Echocardiographic markers, such as changes in LV myocardial velocities assessed by tissue Doppler imaging (TDI), and LV deformity as assessed by speckle tracking imaging (STI), are markers of LV subclinical dysfunction, and thus allow for early detection and early therapy of cardiac toxicity induced by anthracyclines by cardioprotective medication.

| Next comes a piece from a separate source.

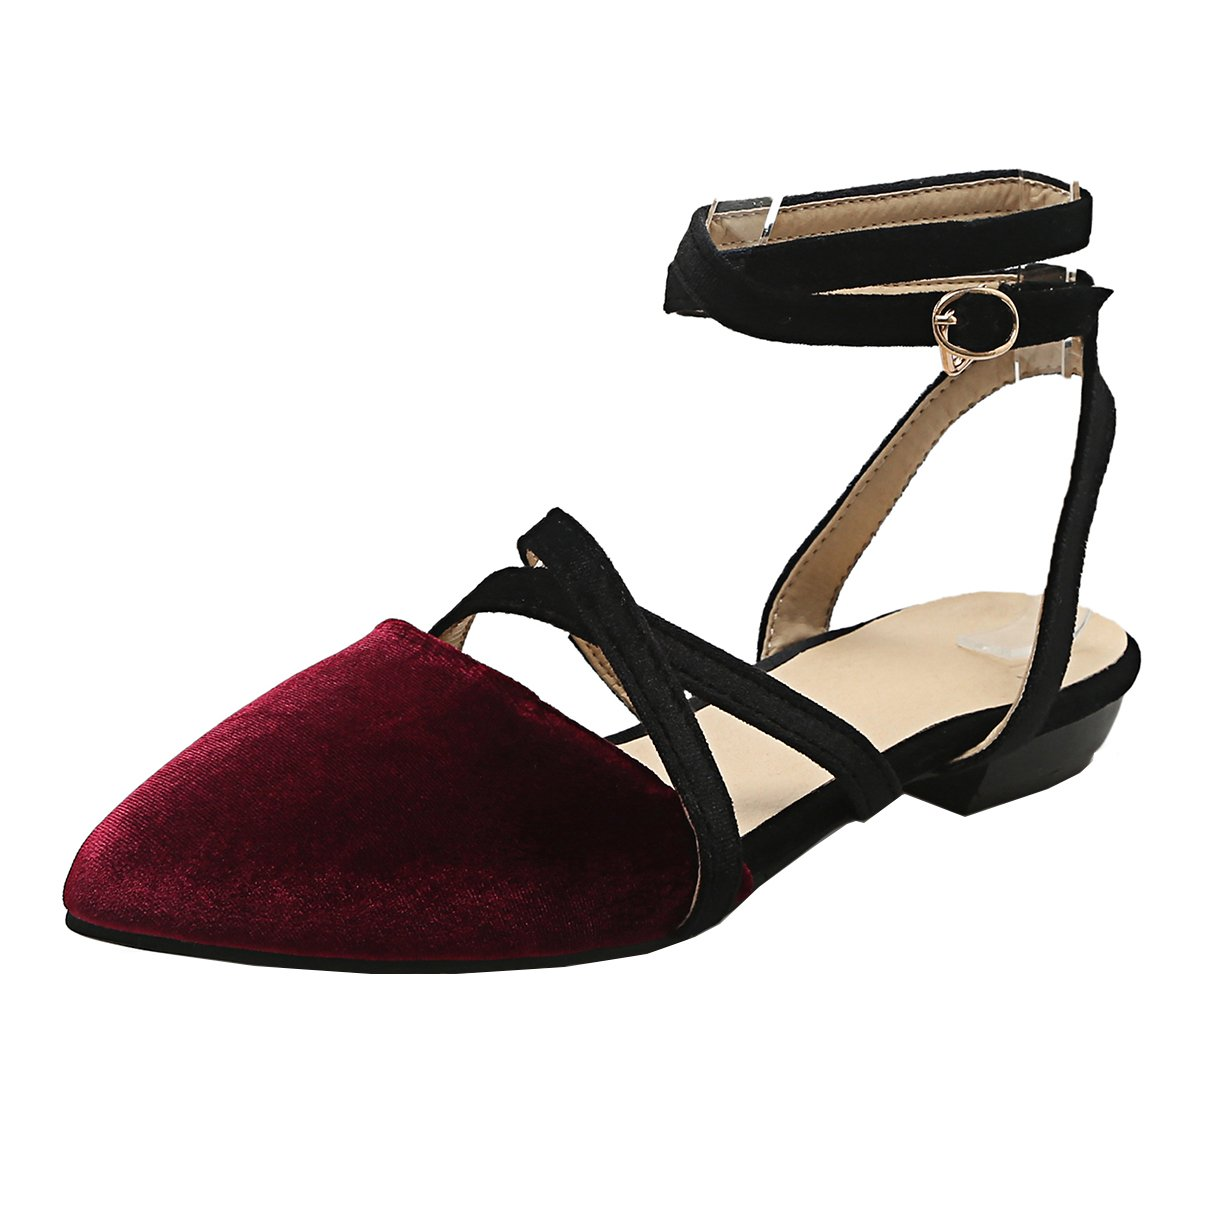 JYshoes , B00MY4MVGQ Coupe , JYshoes Fermées Femme Rouge d2f92bb - reprogrammed.space

Nebivolol is a β1-selective adrenergic receptor blocker with antioxidant, antiapoptotic, and vasodilator properties mediated by nitric oxide release. It is used in the treatment of arterial hypertension and cardiac insufficiency and it could have beneficial effects in preventing cardiac toxicity induced by anthracyclines.^8,9

The hypothesis on which this study was based was that nebivolol could exert a preventive effect on doxorubicin-induced cardiotoxicity in breast cancer patients.

Materials and methods

This prospective study included 60 patients with HER2 negative breast cancer (median age 52.6±13 years) who were scheduled to receive doxorubicin therapy. Cardiology evaluation was performed at the Cardiology Clinic of the Timisoara Municipal Hospital. The inclusion criteria were 1) age >18 years; 2) patient’s signed agreement to participate in the study; 3) HER2 negative breast cancer diagnosis, previously untreated, with an indication of chemotherapy according to standardized international protocols; 4) LVEF ≥50%. The exclusion criteria included 1) pregnancy and breastfeeding; 2) previous radiotherapy or prior therapy with cytostatics; 3) the use of cardioprotective drugs – such as angiotensin converting enzyme inhibitors, statins, calcium channel blockers, angiotensin receptor blockers, anti-aldosterone, and other adrenergic beta-blockers; 4) presence of a diagnosed cardiopathy in the initial clinical and echocardiographic evaluation; 5) history of chronic diseases such as diabetes mellitus, hypertension, chronic kidney disease, chronic liver disease; 6) contraindications for the treatment of beta-adrenergic blocker; and 7) doxorubicin intolerance.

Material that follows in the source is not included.